Ventilatie van de kamer
De kamer moet minstens 6 luchtwisselingen per uur hebben in een bestaande infrastructuur en 12 luchtwisselingen bij nieuwbouw.
De uitgeblazen lucht gaat rechtsreeks naar buiten of wordt gefilterd met een HEPA-filtersysteem.
De kamer staat in onderdruk t.o.v. het sas (indien aanwezig) en vervolgens t.o.v. de gang. De druk wordt gecontroleerd met manometers.
Controleer ten minste dagelijks de parameters van de luchtbehandelingsinstallatie.
Eetgerei
Geen wegwerpmateriaal voorzien.
Het dienblad wordt afvalvrij gemaakt op de kamer en bij het ophalen onmiddellijk en zonder extra manipulaties in de voedingswagen geplaatst.

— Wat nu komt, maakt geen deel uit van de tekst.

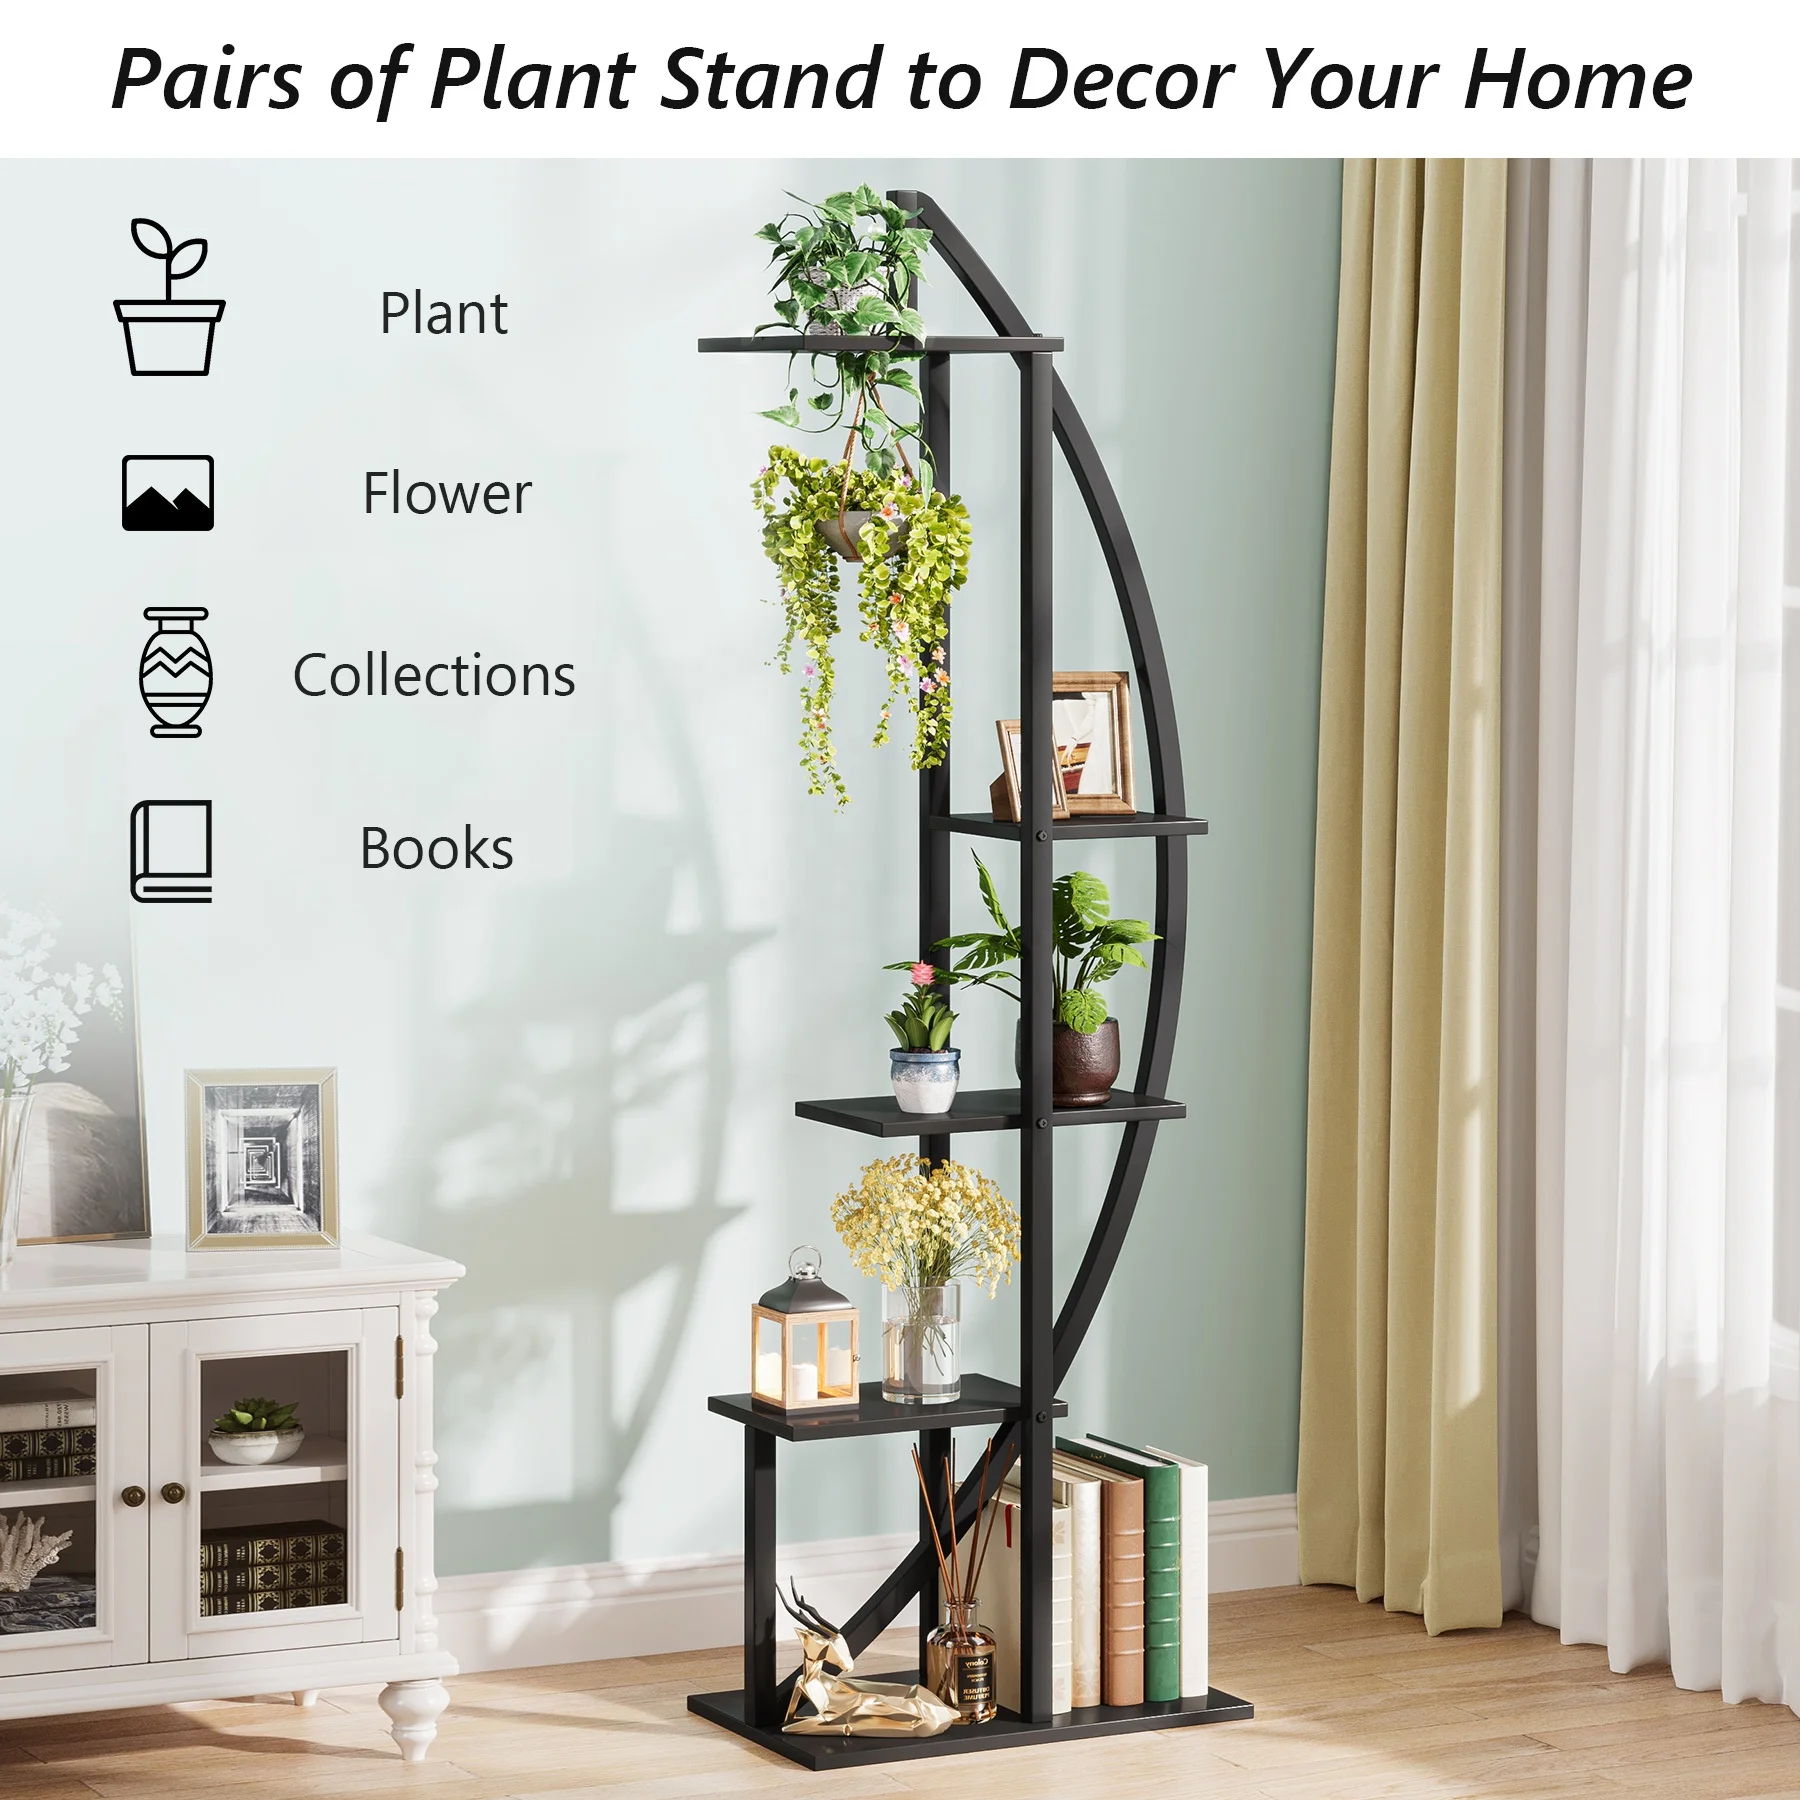 Tribesigns 5 Tier Plant Stand Pack of 2 Multi-Purpose Curved Display Shelf Bonsai Flower Plant Stand Rack for Indoor Garden

De industriële afwasmachine van de zorginstelling garandeert een accurate desinfecterende werking.
Afval
Het afval wordt volgens de klassieke sortering verwijderd.
Een afvalzakhouder met zak voor niet-risicohoudend afval en een naaldcontainer worden in de kamer of het sas geplaatst om het afval van de patiënt in te deponeren.
Het afval wordt met de afvalronde opgehaald en nergens tussentijds gestockeerd.